The patients and caregivers’ response to the hospice care is defined by the multiple aspects of age, gender, and education level. However, the patient and caregivers’ preferences may be considered a decisive factor for the hospice treatment utilization (An et al. 983). The personal preferences are usually determined by the demographic background of a patient, and especially the cultural and religious aspects. Thus, the understanding of patient’s personal history will assist the development of the culturally appropriate intervention practice that would be easily accepted by the patient and his family.

It is suggested that the establishment of positive and productive communication with the caregivers plays a critical role in the improvement of the hospice care practice and therapist’s competence (An et al. 985). It is especially important in the case if the patient comes from a minor ethnic group and experiences the cultural and linguistic difficulties in the access to the health care service.

The religious views play a significant role in the determination of the individual’s attitudes towards illness and death. In different cultures, death and the related issues are regarded differently. When this fundamental part of a human’s mentality is neglected, the hospice care intervention is likely to fail in addressing the patient’s needs effectively.
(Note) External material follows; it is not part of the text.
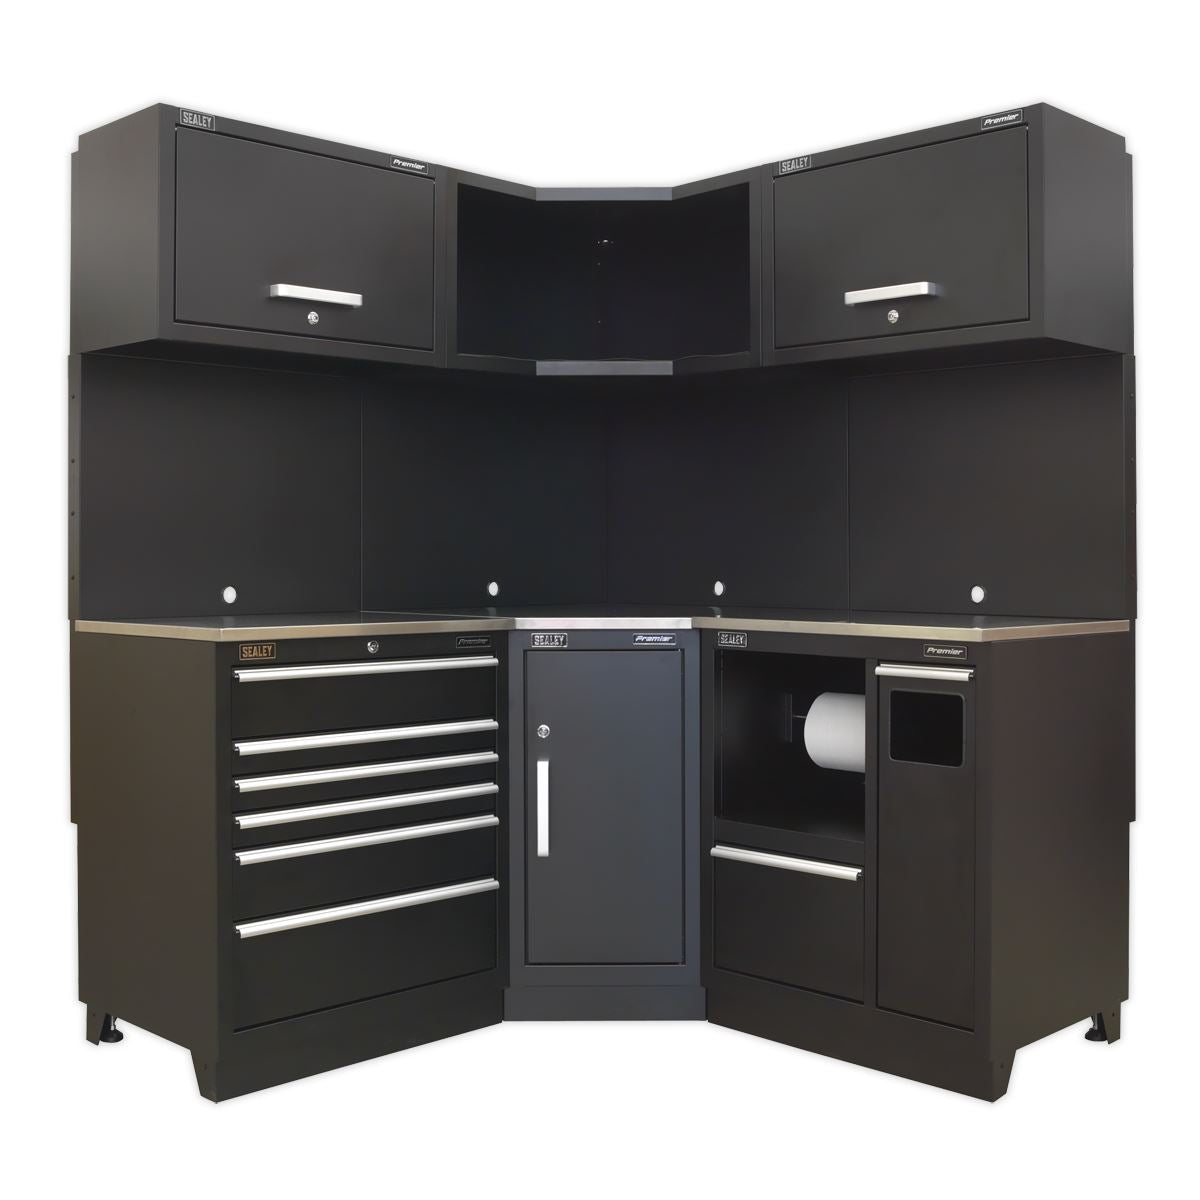 Sealey Premier Premier 1.7m Corner Storage System - Stainless Worktop

The comprehension of individual’s cultural background and preferences as well, as a well-developed communication, is important because they let to impact the patient and caregivers’ state through intervention more efficiently.

Works Cited

An, Ah Reum, June-Koo Lee, Young Ho Yun, and Dae Seog Heo. “Terminal Cancer Patients’ and their Primary Caregivers’ Attitudes Toward Hospice/palliative Care and their Effects on Actual Utilization: A Prospective Cohort Study.” Palliative Medicine 28.7 (2014): 976-985. ProQuest.

Bentur, Netta, Daphna Yaira Stark, Shirli Resnizky, and Zvi Symon.“Coping Strategies for Existencial and Spiritual Suffering in Israeli Patients with Advanced Cancer.” Journal of Health Policy Research 3.1 (2014): 1-21. Print.

Hilliard, Russelle. “The Use of Music Therapy in Meeting the Multidimensional Needs of Hospice Patients and Families.” Journal of Palliative Care 17.3 (2001): 161-166. ProQuest.

Maue-Johnson, Elizabeth, and Carla Tanguay. “Assessing the Unique Needs of Hospice Patients: A Tool for Music Therapists.” Music Therapy Perspectives 24.1 (2006): 13-20. ProQuest.

Medicare.gov 2016, Contact Information. Web.

Milligan, Stuart. “Addressing the Spiritual Care Needs of People Near the End of Life.” Nursing Standard 26.4 (2011): 47-56. ProQuest.